Segment Start: Data under study

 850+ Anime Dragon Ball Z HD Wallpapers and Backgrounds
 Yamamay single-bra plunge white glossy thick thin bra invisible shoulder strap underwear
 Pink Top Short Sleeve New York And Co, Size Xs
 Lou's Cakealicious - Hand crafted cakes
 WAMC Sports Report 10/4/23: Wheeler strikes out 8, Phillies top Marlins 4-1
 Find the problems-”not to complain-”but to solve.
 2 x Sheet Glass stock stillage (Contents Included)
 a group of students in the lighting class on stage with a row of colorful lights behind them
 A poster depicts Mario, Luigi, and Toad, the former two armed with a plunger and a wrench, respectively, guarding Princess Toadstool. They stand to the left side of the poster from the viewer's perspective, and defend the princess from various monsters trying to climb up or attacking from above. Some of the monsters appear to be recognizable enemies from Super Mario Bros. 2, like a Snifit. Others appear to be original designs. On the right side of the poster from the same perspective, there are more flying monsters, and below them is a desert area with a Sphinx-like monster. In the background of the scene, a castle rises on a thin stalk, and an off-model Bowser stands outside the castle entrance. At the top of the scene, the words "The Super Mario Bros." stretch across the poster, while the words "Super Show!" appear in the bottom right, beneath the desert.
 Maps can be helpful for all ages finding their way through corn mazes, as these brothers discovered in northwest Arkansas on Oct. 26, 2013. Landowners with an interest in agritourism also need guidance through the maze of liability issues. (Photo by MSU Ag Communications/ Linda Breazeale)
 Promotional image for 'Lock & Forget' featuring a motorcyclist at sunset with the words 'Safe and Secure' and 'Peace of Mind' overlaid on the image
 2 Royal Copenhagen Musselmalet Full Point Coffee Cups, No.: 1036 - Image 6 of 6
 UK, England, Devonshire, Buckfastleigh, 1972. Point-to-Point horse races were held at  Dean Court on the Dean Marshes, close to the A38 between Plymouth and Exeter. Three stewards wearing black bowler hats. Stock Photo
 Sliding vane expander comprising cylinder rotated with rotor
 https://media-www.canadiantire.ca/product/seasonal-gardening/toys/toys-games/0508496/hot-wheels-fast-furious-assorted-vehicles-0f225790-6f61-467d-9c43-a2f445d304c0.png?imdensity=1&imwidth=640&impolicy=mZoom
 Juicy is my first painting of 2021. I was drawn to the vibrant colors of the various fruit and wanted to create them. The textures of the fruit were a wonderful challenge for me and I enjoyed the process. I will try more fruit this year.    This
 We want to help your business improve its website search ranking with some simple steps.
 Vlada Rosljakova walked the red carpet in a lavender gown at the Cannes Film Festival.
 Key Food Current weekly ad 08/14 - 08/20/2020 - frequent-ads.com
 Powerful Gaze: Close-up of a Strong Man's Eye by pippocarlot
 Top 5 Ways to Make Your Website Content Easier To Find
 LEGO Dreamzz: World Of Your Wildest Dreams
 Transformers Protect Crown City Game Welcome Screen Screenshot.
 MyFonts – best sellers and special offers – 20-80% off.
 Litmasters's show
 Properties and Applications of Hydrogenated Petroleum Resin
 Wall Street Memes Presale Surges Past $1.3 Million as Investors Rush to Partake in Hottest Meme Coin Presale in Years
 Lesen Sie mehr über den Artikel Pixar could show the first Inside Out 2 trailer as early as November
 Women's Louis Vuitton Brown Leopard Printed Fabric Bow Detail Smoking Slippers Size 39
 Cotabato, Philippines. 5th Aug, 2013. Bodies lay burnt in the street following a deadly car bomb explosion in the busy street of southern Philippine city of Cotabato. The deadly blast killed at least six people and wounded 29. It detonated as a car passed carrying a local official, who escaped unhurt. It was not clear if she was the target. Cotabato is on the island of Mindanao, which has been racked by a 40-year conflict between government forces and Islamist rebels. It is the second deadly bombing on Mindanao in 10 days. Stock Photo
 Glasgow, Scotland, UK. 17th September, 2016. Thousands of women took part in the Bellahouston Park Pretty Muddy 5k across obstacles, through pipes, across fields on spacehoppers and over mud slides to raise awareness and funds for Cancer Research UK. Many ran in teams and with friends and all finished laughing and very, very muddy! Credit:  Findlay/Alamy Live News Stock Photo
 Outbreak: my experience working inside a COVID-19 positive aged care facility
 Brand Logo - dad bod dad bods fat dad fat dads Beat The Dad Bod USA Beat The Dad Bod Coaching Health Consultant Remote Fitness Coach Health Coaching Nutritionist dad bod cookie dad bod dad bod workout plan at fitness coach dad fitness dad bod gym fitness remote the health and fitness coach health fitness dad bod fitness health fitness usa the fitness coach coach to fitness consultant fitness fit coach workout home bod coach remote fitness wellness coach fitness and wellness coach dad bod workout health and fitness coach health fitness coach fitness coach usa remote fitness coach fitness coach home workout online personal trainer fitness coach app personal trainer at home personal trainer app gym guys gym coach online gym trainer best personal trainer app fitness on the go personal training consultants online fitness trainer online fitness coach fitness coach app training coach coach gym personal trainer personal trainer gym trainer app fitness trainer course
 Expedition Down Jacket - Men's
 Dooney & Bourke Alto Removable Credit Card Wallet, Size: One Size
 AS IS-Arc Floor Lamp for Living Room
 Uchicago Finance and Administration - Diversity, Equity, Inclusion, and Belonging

Segment End: Data under study

— Try it —
Among the lines of the material, find those holding the word "Size" and return them.

— Result for this exercise —
 Pink Top Short Sleeve New York And Co, Size Xs
 Women's Louis Vuitton Brown Leopard Printed Fabric Bow Detail Smoking Slippers Size 39
 Dooney & Bourke Alto Removable Credit Card Wallet, Size: One Size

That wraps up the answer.